Sex and environment shape cochlear sensitivity in human populations worldwide.

Hearing remains an underexplored aspect of human evolution. While the growing prevalence of hearing issues worldwide highlights the need to investigate factors beyond age, ototoxic substances, and recreational noise- factors affecting only a subset of the population -the role of environmental influences remains relatively unaddressed. In contrast, hearing and vocalizations have been extensively studied in many vertebrates through the Acoustic Adaptation Hypothesis, which suggests that acoustic communication adapts to the structure of the immediate environment. To explore how the environment shapes the ear's ability to process sound, studying the cochlea is essential since it is responsible for capturing, amplifying, and converting sound waves into electrical signals. Cochlear sensitivity can be measured using Transient-Evoked Otoacoustic Emissions (TEOAE), which assess the cochlea's ability to produce and transmit an acoustic response after sound stimulation. By analyzing TEOAE profiles, we gain valuable insights into how the cochlea responds to external auditory stimuli.
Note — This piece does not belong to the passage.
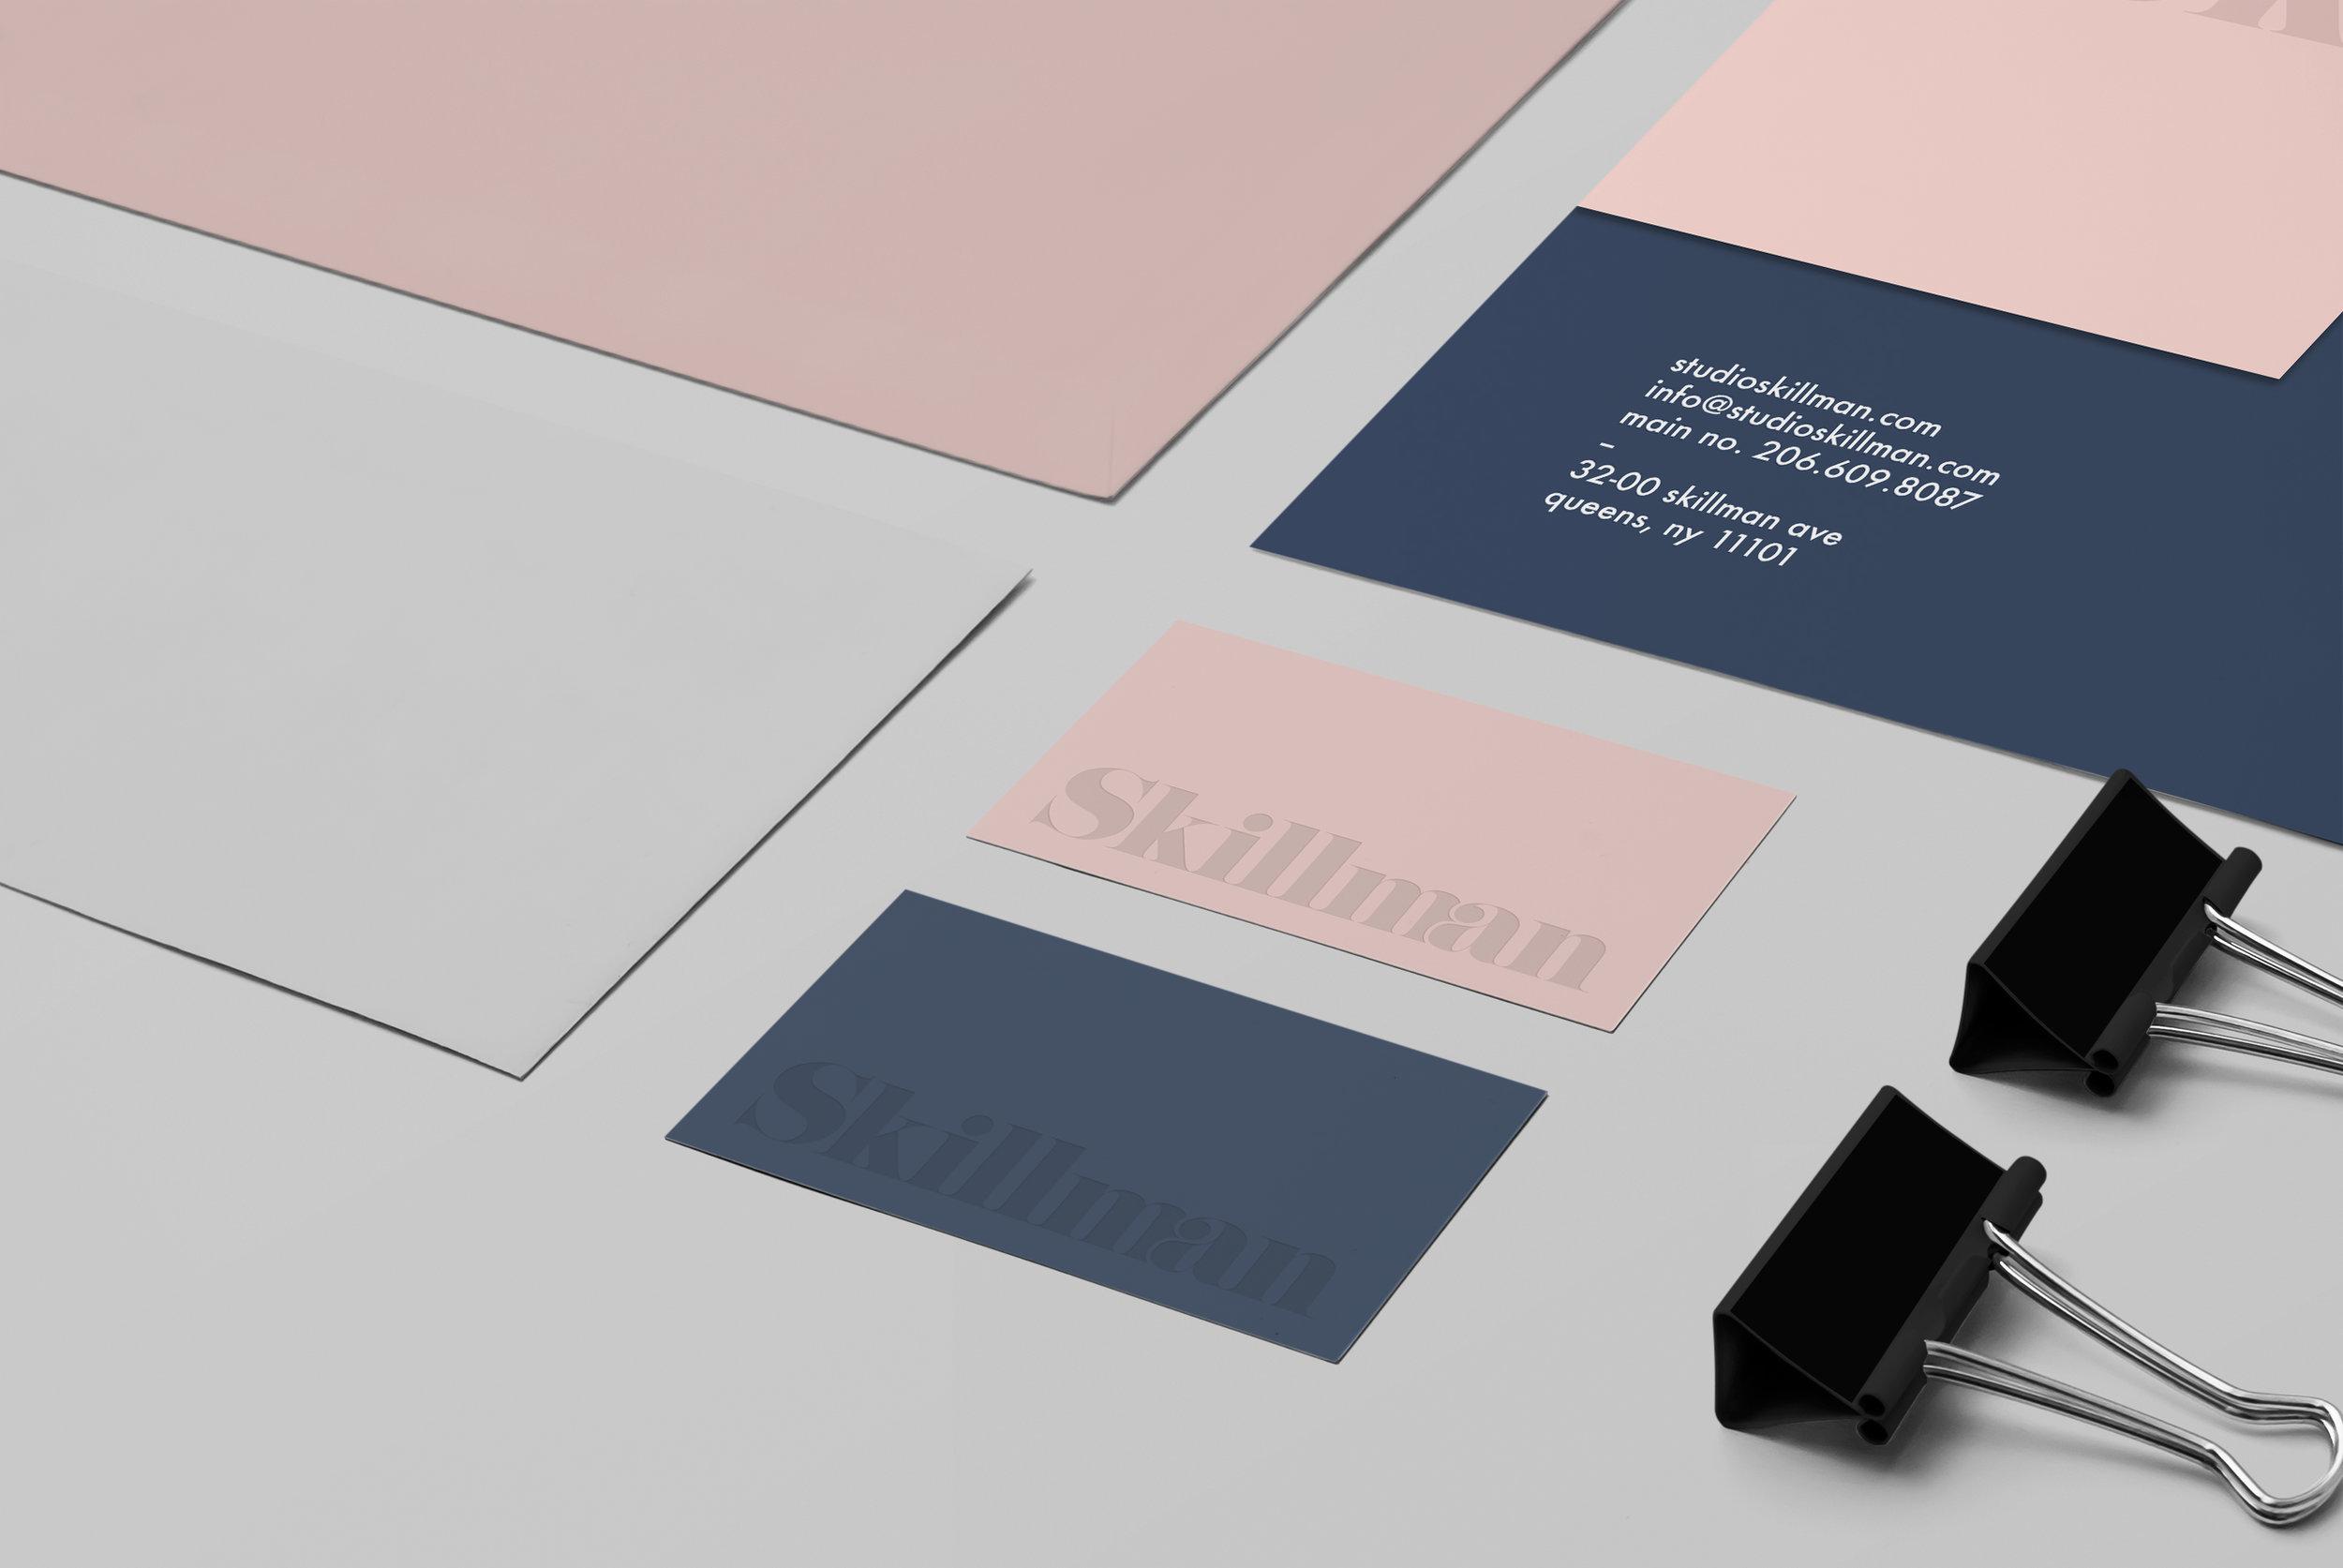 Studio_Bloq-Skillman-3.jpg
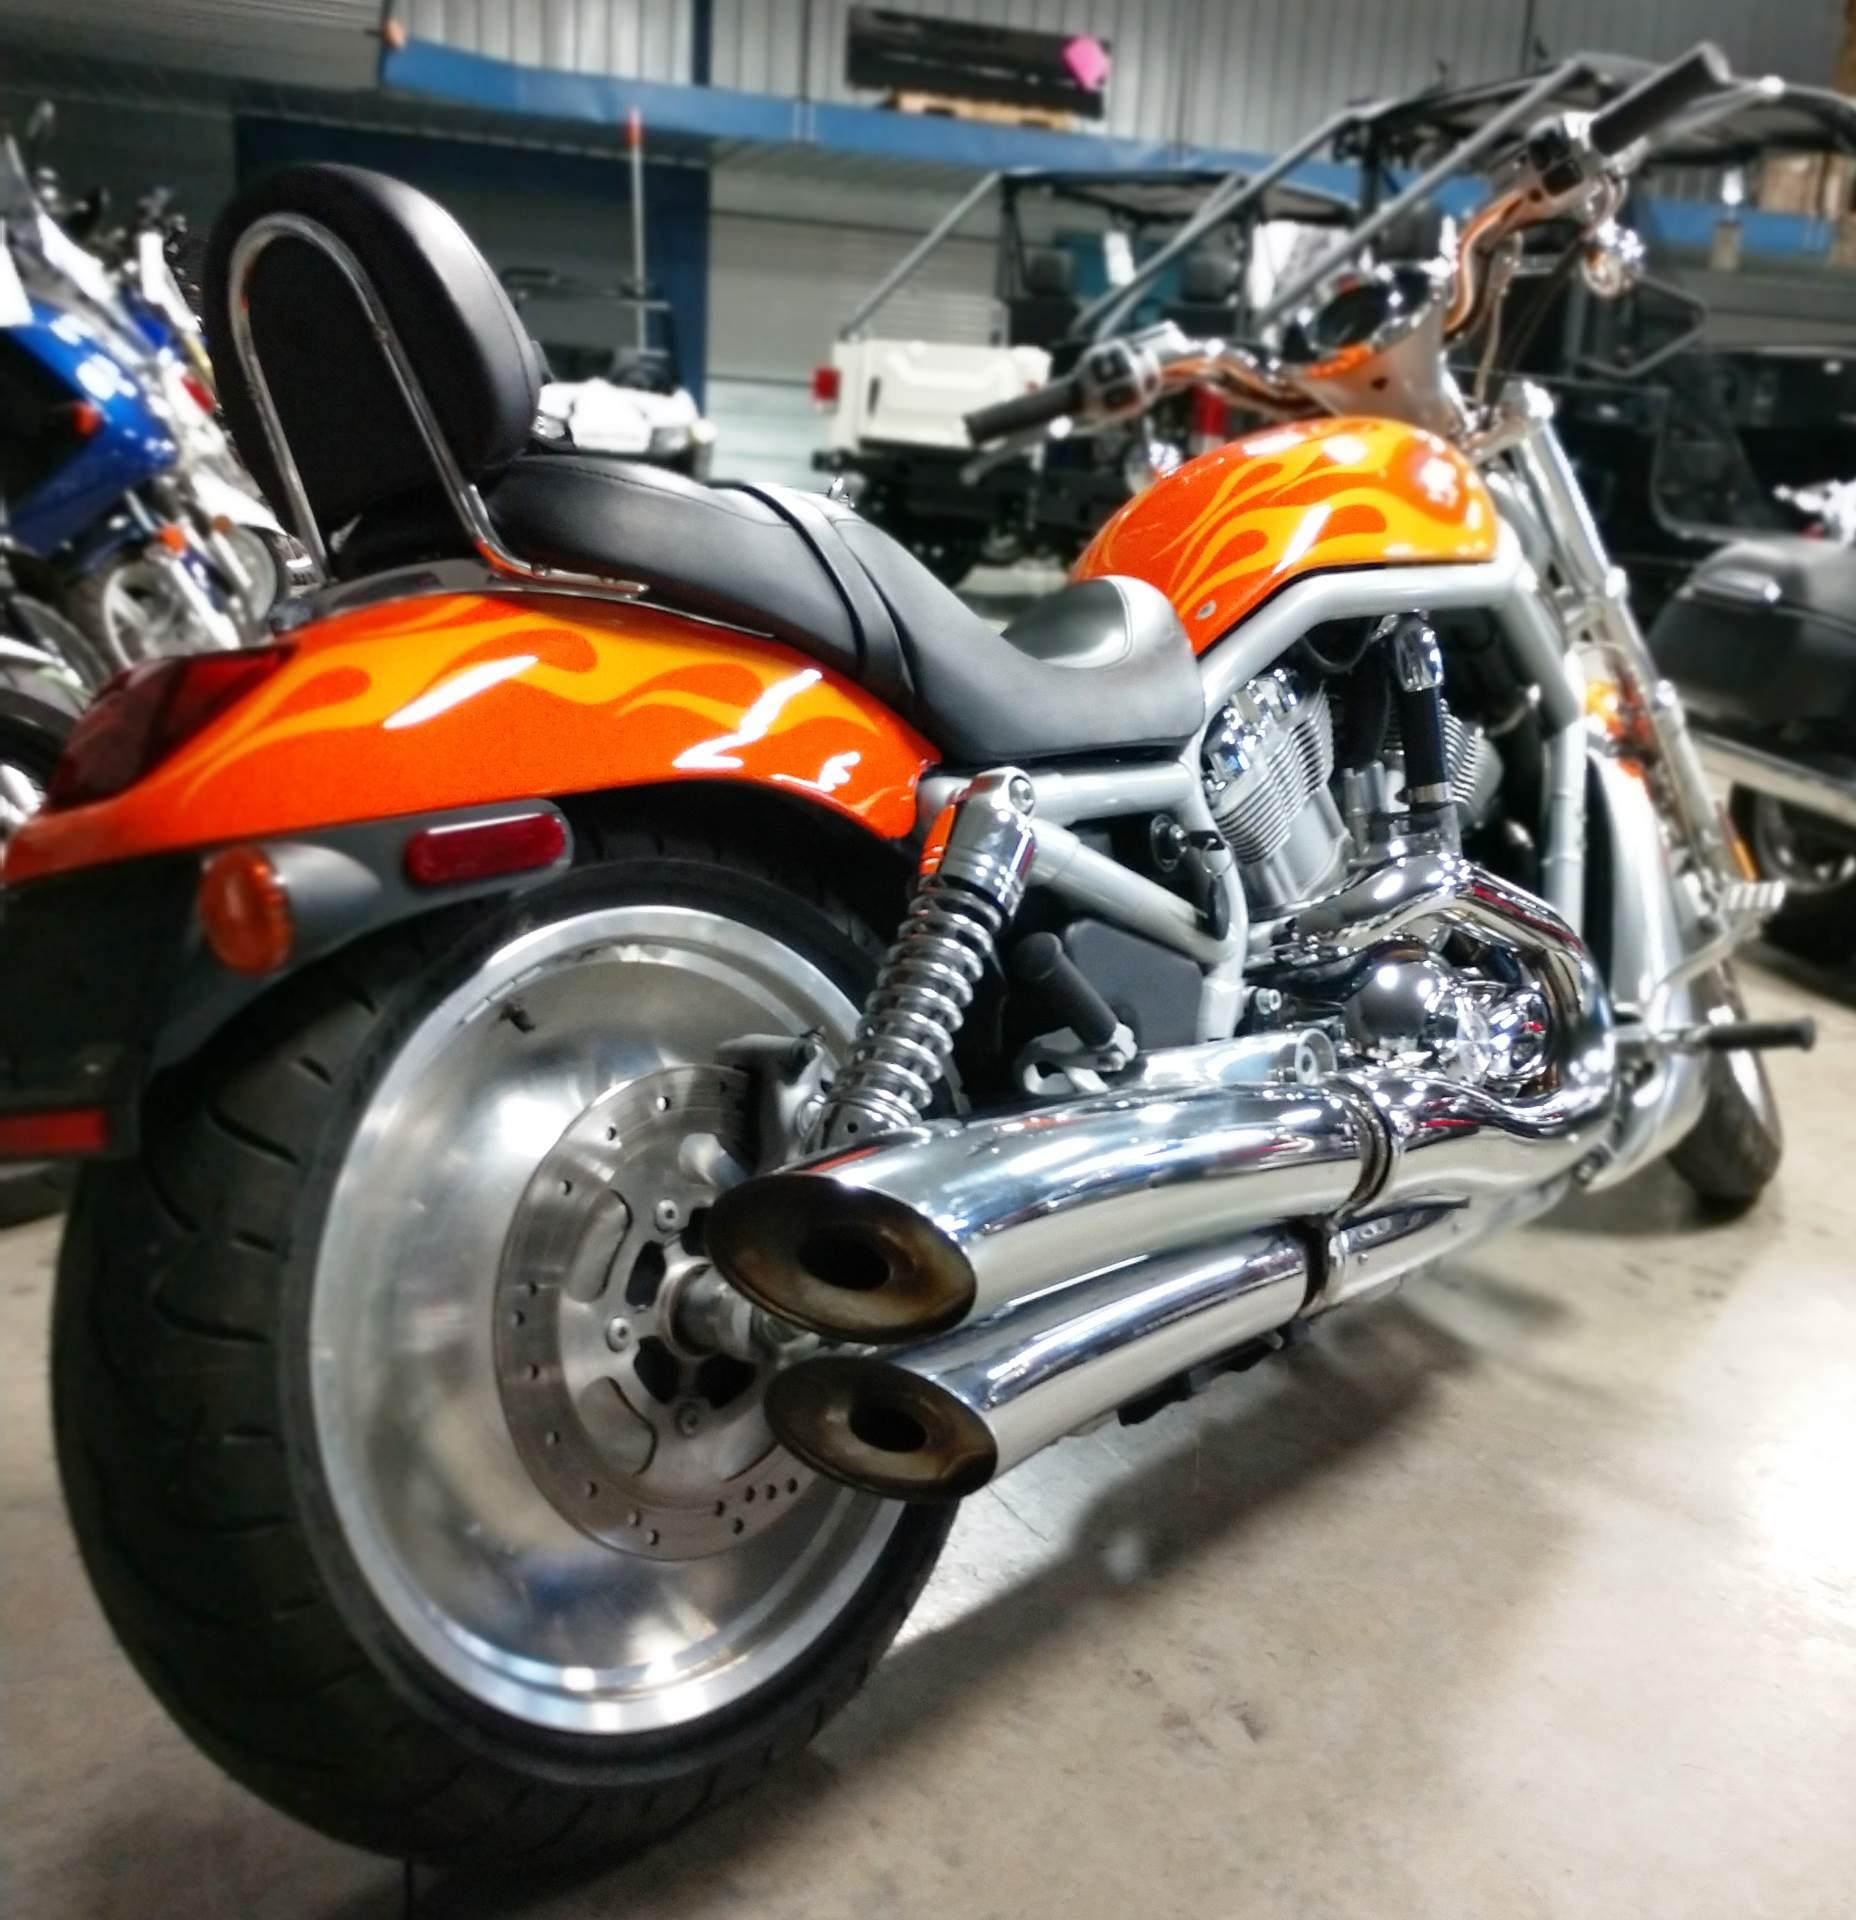 2003 Harley-Davidson VRSCA  V-Rod 6

We evaluated the influence of both endogenous (age, sex, ear side) and exogenous factors (ethnicity, environment, language) on cochlear sensitivity by collecting TEOAE data from 448 healthy individuals across 13 global populations in Ecuador, England, Gabon, South Africa, and Uzbekistan, living in diverse environments. For each individual, we derived six acoustic metrics from these TEOAE profiles to characterize the amplitude and frequency spectrum of cochlear sensitivity. Our results show that amplitude is primarily influenced by sex (up to 2 dB) and environment (up to 3.6 dB), followed by age and ear side. The frequency spectrum is determined exclusively by exogenous factors, with environment- particularly altitude, and urban versus rural settings -being the most significant. These findings challenge existing assumptions and highlight the need to consider both biological and environmental factors when studying auditory processes.